Obvious Love Parade question: were you over daunted playing for 1.5 million people?

"The thing is, the day leading up to that is so stressful. Usually we do our parties on Friday nights so we have our guests that we take care of and everything. Then you're playing on a float throughout the day, so it's like on and on all the time. So when you finally get up there to the victory column, you have basically 20 minutes to yourself - the first time you've been able to chill in days, finally you get a cold drink and basically you chill out. It's really weird, you just chill out up there. So I'm not nervous. I'm usually relieved."

You do tend to get mobbed after gigs, though. Is that a pain in the arse?

"I'm rather embarrassed when I finish my set and they all scream and the lighting guy shines the light at me and I've got to sign all this stuff, it's more embarrassing than enjoyable. But it's cool, it's an honour as well when people take the effort to make little puppets and little gifts to give you. So the one way to say thank you in my way is actually play good sets and make music that they are going to enjoy."

With all the hero worship, how do you avoid becoming big-head?

"It's probably, I still know why I'm doing what I'm doing. I'm not doing it to be known or rich or whatever.
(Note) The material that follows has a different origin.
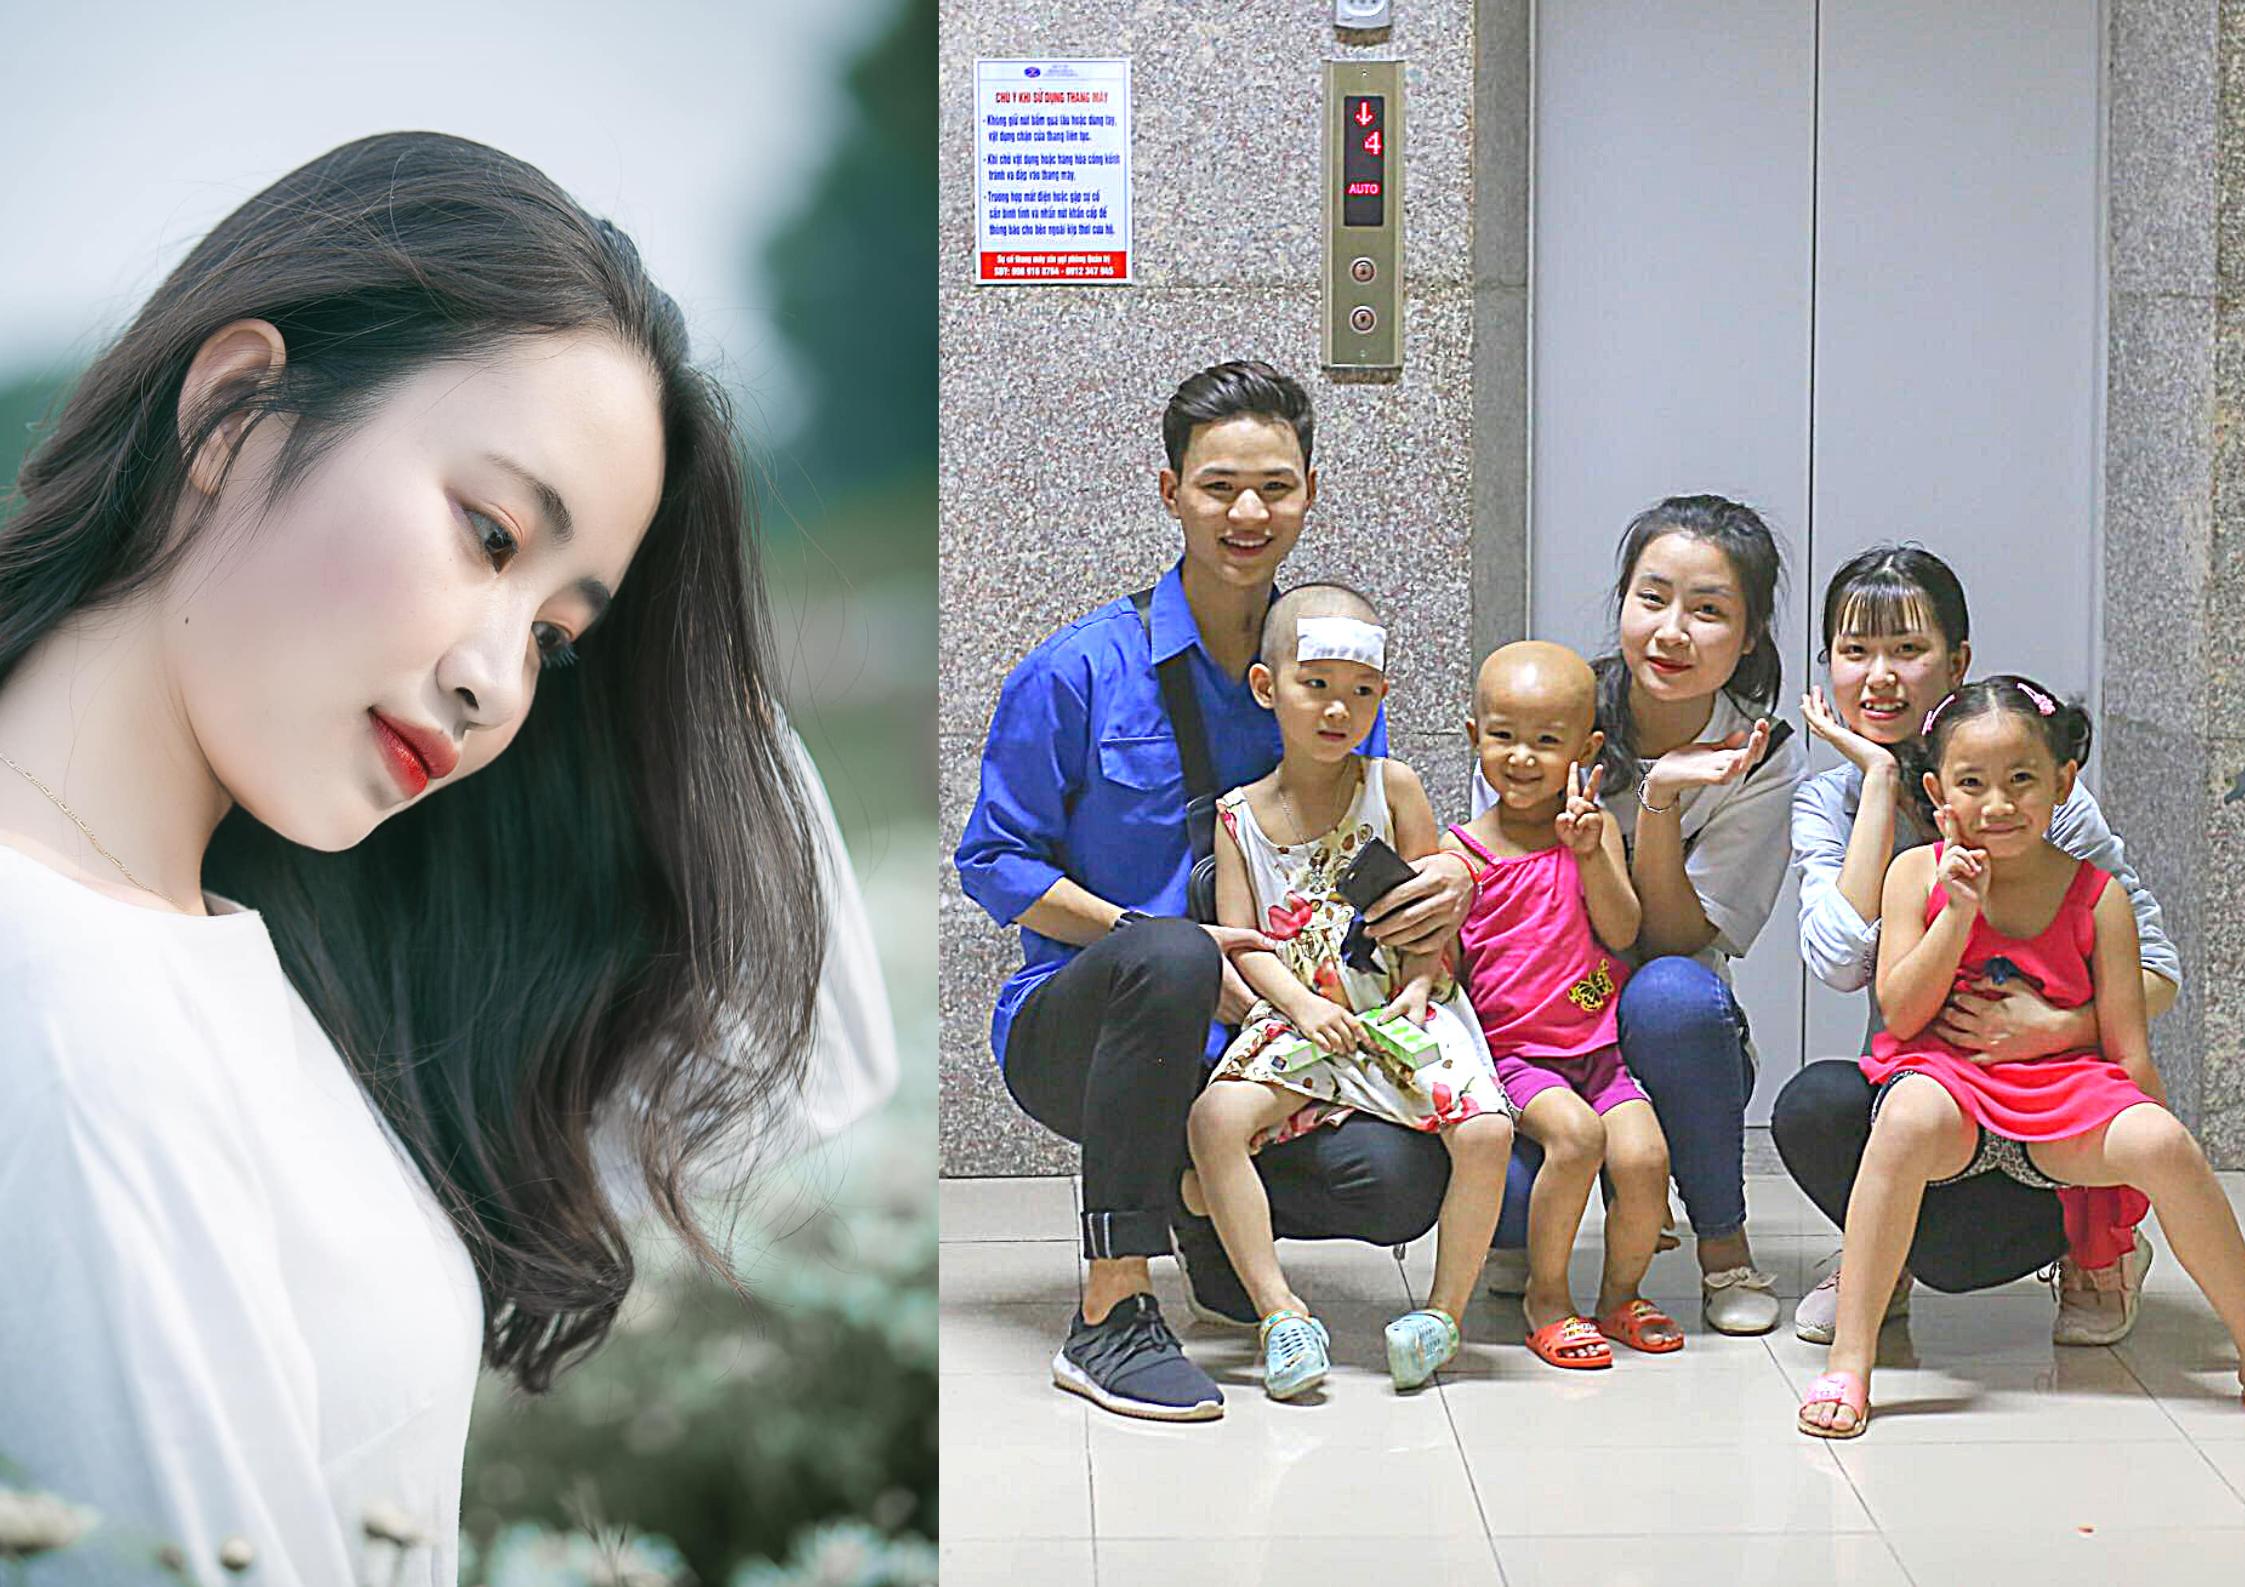 Cô gái 9X nghị lực vượt qua nỗi đau mồ côi, khuyết tật, trở thành dược sĩ xinh đẹp

When I started, DJs weren't in the media, electronic music wasn't in the sales charts and a DJ was the freak in the corner who provided the music while other people had fun. So to do it, you must have been a freak and a music lover. And I still am: this is still the engine which drives me."

The final kick, snare and life-affirming vocal of 'Alive' peter out on a haunting note and the lights come up in Twilo. Clubbers stretch their eyes in the false dawn as Paul stares, apparently a little dazed across the crowd, many still jogging up and down, chanting for more. It's past 6am in New York; back home in Germany it's early afternoon. The global time-zone merry-go-round is relentless - sometimes this shit looks tougher for non-drug-takers like Paul.

The music and vodka-Red Bull have kept him in shape for the set, but you can see it in his eyes, Paul Van Dyk is very tired. He's reached the end of another of his prized, though draining, six-hour-plus sets, in the middle of an even more breakneck than usual schedule of gigging and promoting what is sure to be the album of the summer. With a last smile and a wave to the crowd, he is whisked out of the building.